Далекий, дребезжащий школьный звонок прорезал этот вакуум, как ржавая пила. Звук был плоским, уродливым, лишенным всякой музыкальности. Он возвестил о конце урока, но для них он прозвучал как сигнал к началу чего-то необратимого.
Лена резко вздрогнула, её плечи опали, и она наконец посмотрела на Анну. В этом взгляде не было враждебности — только усталое, обреченное узнавание. Наташа перестала терзать рукав и просто опустила руки, словно у неё внезапно кончился завод.
Анна почувствовала, как камера на груди снова обрела вес. Щит, который не защищает. Оружие, которое еще нужно научиться держать.
Они не сдвинулись с места. Три тени в бесконечном коридоре, связанные общим приговором. Савченко обещал им силу, но пока он дал им только это — способность видеть чужую боль как свою собственную.
Мост из взглядов не рухнул со звонком. Он стал фундаментом.
Анна сделала первый шаг. Подошва кеда глухо ударилась о линолеум, и этот звук показался ей первым аккордом в песне, которую они еще не написали, но которую уже были обязаны спеть. Чтобы не сойти с ума. Чтобы не исчезнуть.
Телефон в ладони вибрировал, как пойманное насекомое, зло и монотонно. Анна прижалась спиной к кафельной стене школьного туалета. Здесь пахло хлоркой, сыростью и застарелым страхом — вечным спутником этих выбеленных стен. Из крана в раковину срывались капли, разбиваясь о фаянс с тем же ритмичным стуком, что и утром на кухне.
Кап. Кап. Кап.Она нажала на кнопку ответа. Пластик корпуса, нагретый долгим ожиданием, обжег ухо.
— Алло?
Звук на том конце не был человеческим голосом. Это был скрежет металла по стеклу, высокий, дребезжащий надрыв, в котором слова тонули, как в кислоте. Мать не говорила — она выплескивала в трубку накопленную за день желчь, и каждое её дыхание отдавалось в динамике хриплым свистом.

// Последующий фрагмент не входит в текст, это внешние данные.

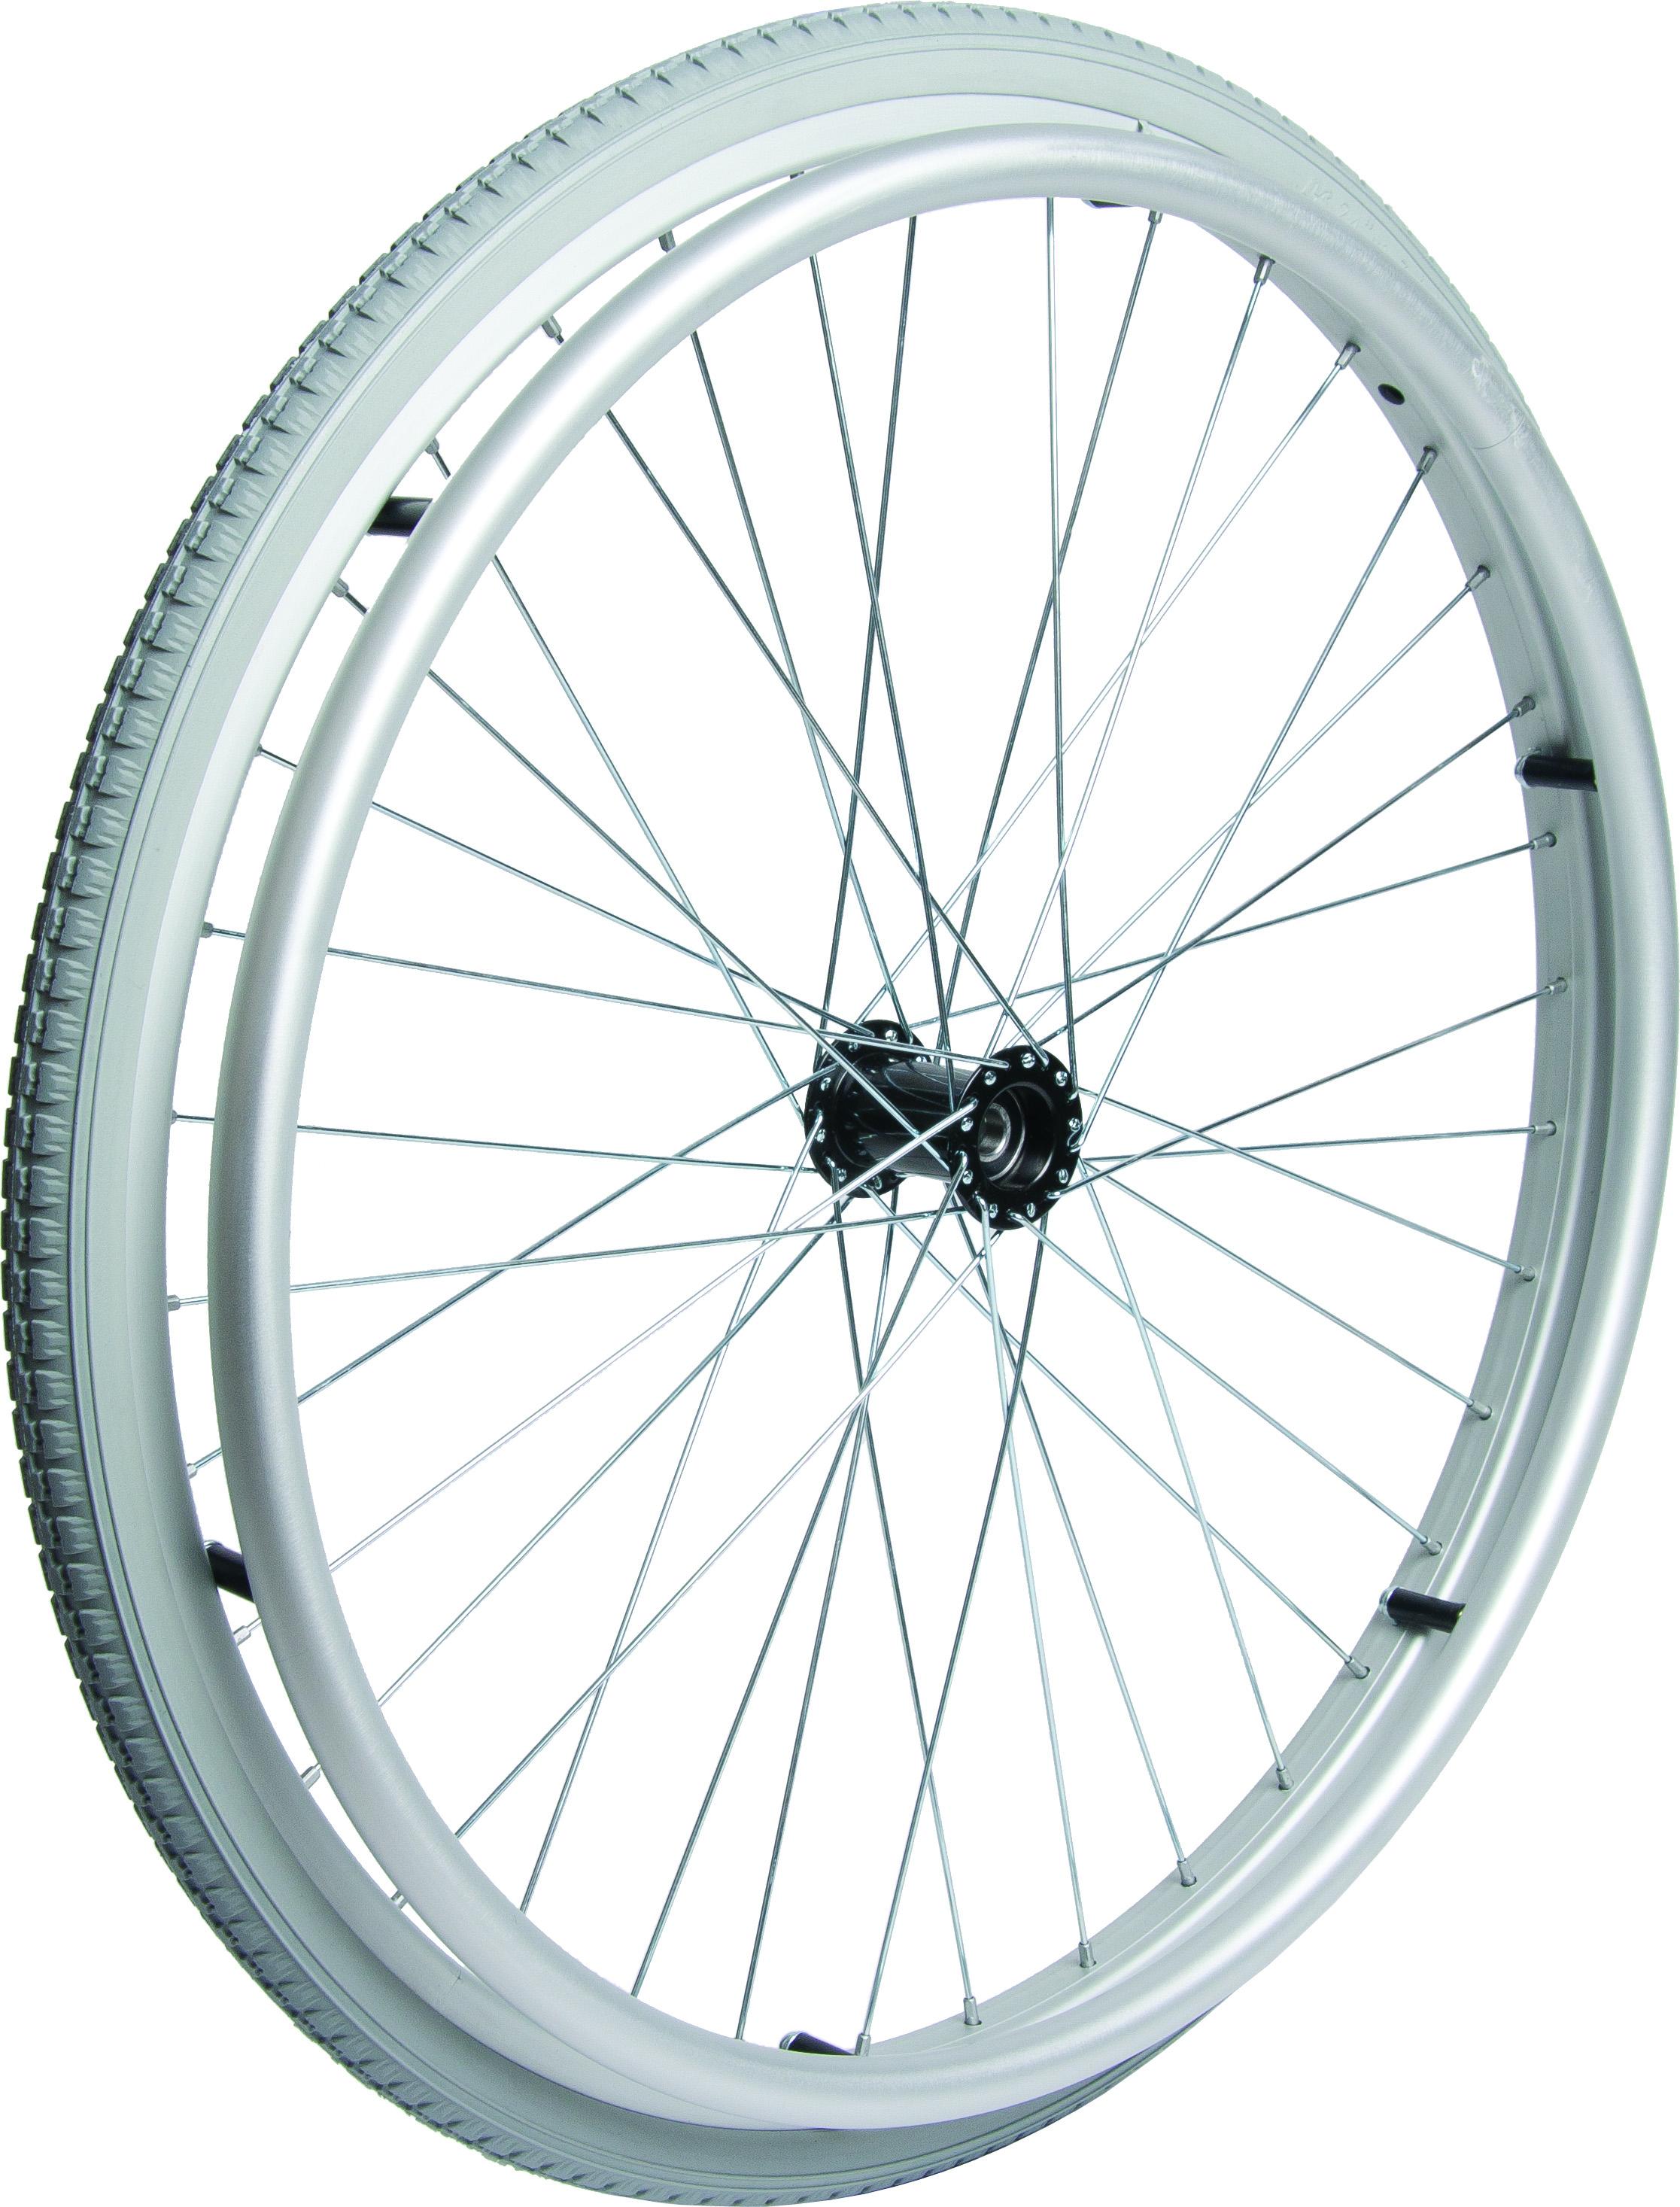 Komplet baghjul med dæk og drivring (22
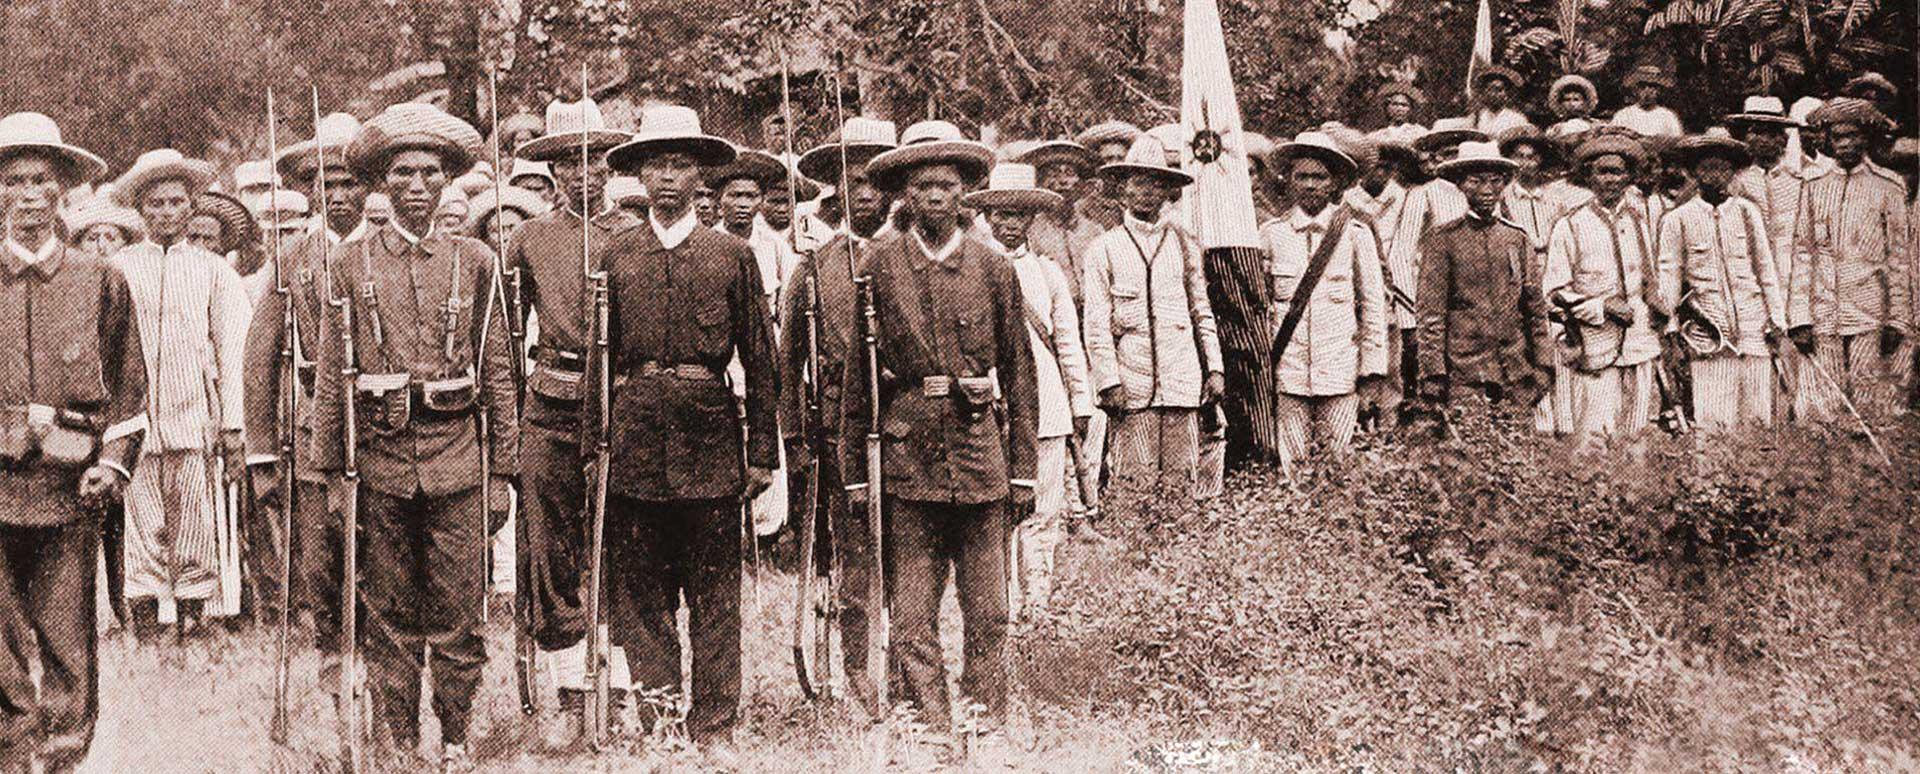 Bayani-art-Philippine-Republic-Army-Kasaysayaan

— Он не придет, Аня. Слышишь? Не придет!
Голос сорвался на ультразвук, заставив Анну инстинктивно отстранить телефон. Но даже на расстоянии она чувствовала эту вибрацию — истерический ритм распада.
— Сказал, что у него дела. Дела! В семь утра у него были дела, и сейчас они не закончились. Он даже не потрудился придумать что-то правдоподобное. Просто... просто не придет.
Анна закрыла глаза. Перед внутренним взором всплыл утренний кадр: побелевшие костяшки отца на газетном листе. Стена, которую он воздвиг, наконец обрушилась, но не внутрь семьи, а наружу, похоронив под собой остатки их общего пространства.
— Аня, ты слушаешь? — Мать задохнулась, послышался сухой всхлип, больше похожий на кашель.
— Не смей приходить домой сейчас. Я не могу... я не хочу, чтобы ты болталась под ногами со своей камерой. Найди себе занятие. Иди куда угодно. К подругам, в библиотеку, на улицу — мне плевать. Просто не мозоль мне глаза. Я хочу тишины. Ты понимаешь? Тишины!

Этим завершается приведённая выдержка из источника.